To add to that, most victories are just looking at an arbitrary number tick over (Transcendence especially is horrible at this), which then suddenly turns into a "You won" screen - that's incredibly unsatisfying. BE could really benefit in some ending movies or the like to really drive that victory home, because unlike in V there's very little satisfaction gotten before the victory itself (i.e. "we're wearing your blue jeans" or watching that space ship go). It's frustrating to end the game at the point where you really want to see what happens next.
 
Even before you start working on a victory there's not much reason to compete against other factions... except in a race to maximise the yields of your cities the fastest.

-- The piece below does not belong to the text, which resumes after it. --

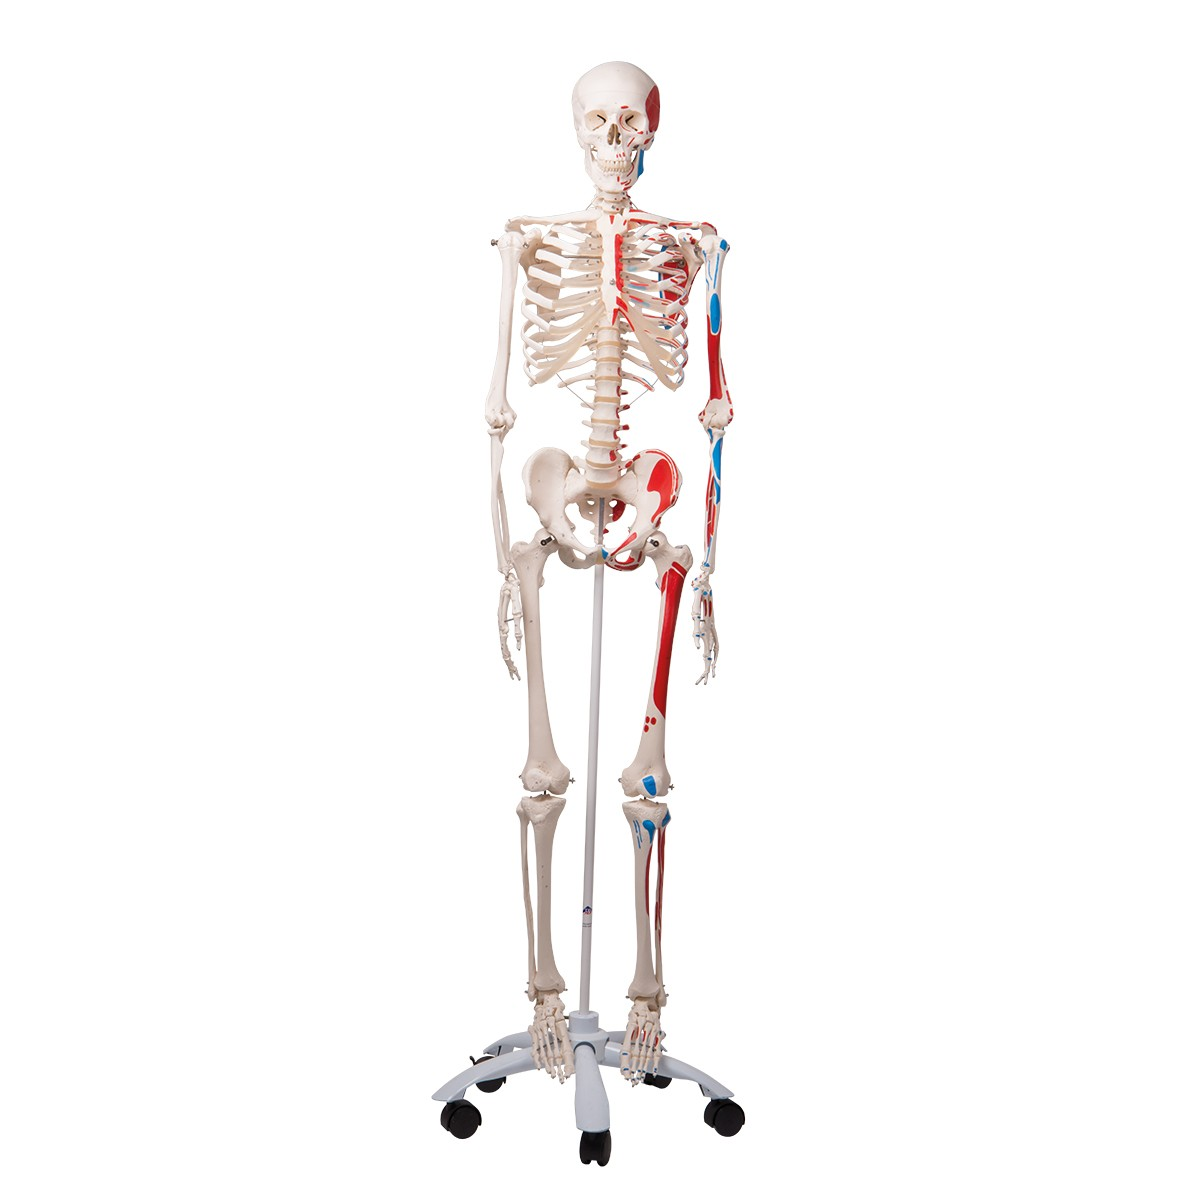 3b Human Skeleton Wmuscles Max Skeletons Skeletal System
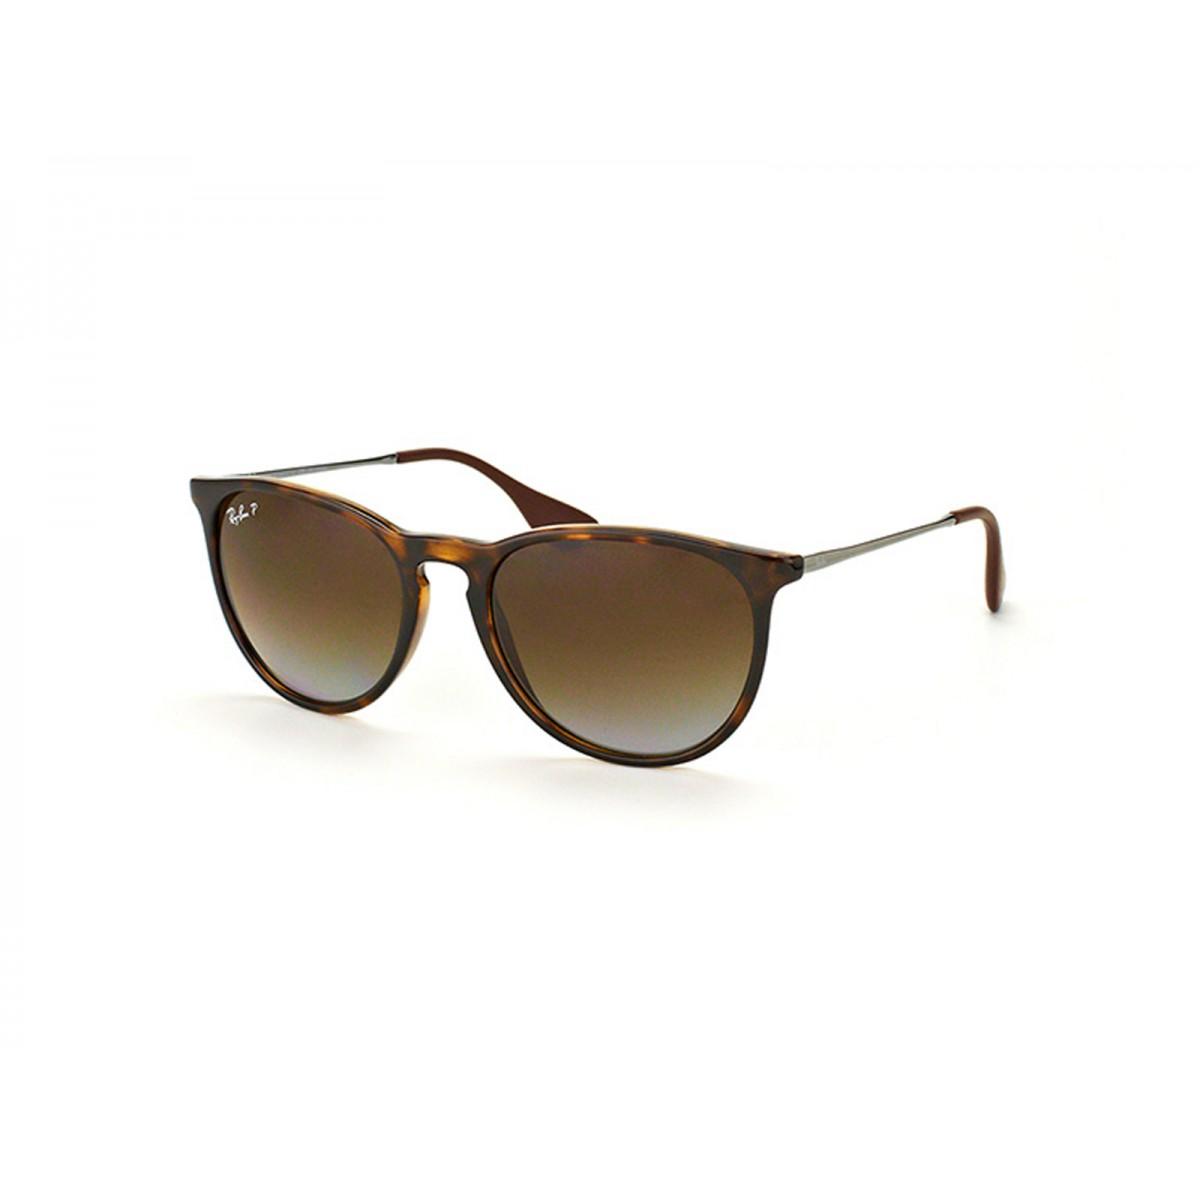 76a13e91d82985 Ray Ban Erika Matte Havana Polarized Unisex Sunglasses RB4171-710 T5 ...

No need to fight over land because the health system actively punishes you for founding too many cities and the advanced tile improvements make any sort of terrain as productive as any other (or almost so).

No need to fight over strategic resources because they aren't needed for most units/buildings, and because 2 out of 3 of the affinity-specific ones will be of no use to you except to trade in deals to get the resource you do want.
 
Depends on skill and difficulty level. My last game, I had to DoW KP to kill her mindflower. Then I had to do the same with Fraco-Iberia. I had to completely change course from domination to Promised Land and I won. Kp wasn't a threat but FI would have won if I had just ignored her. All of which was my own fault though by screwing around with domination.

My current game, I'm dealing with an expansive Brasilia who thinks my cities belong to him.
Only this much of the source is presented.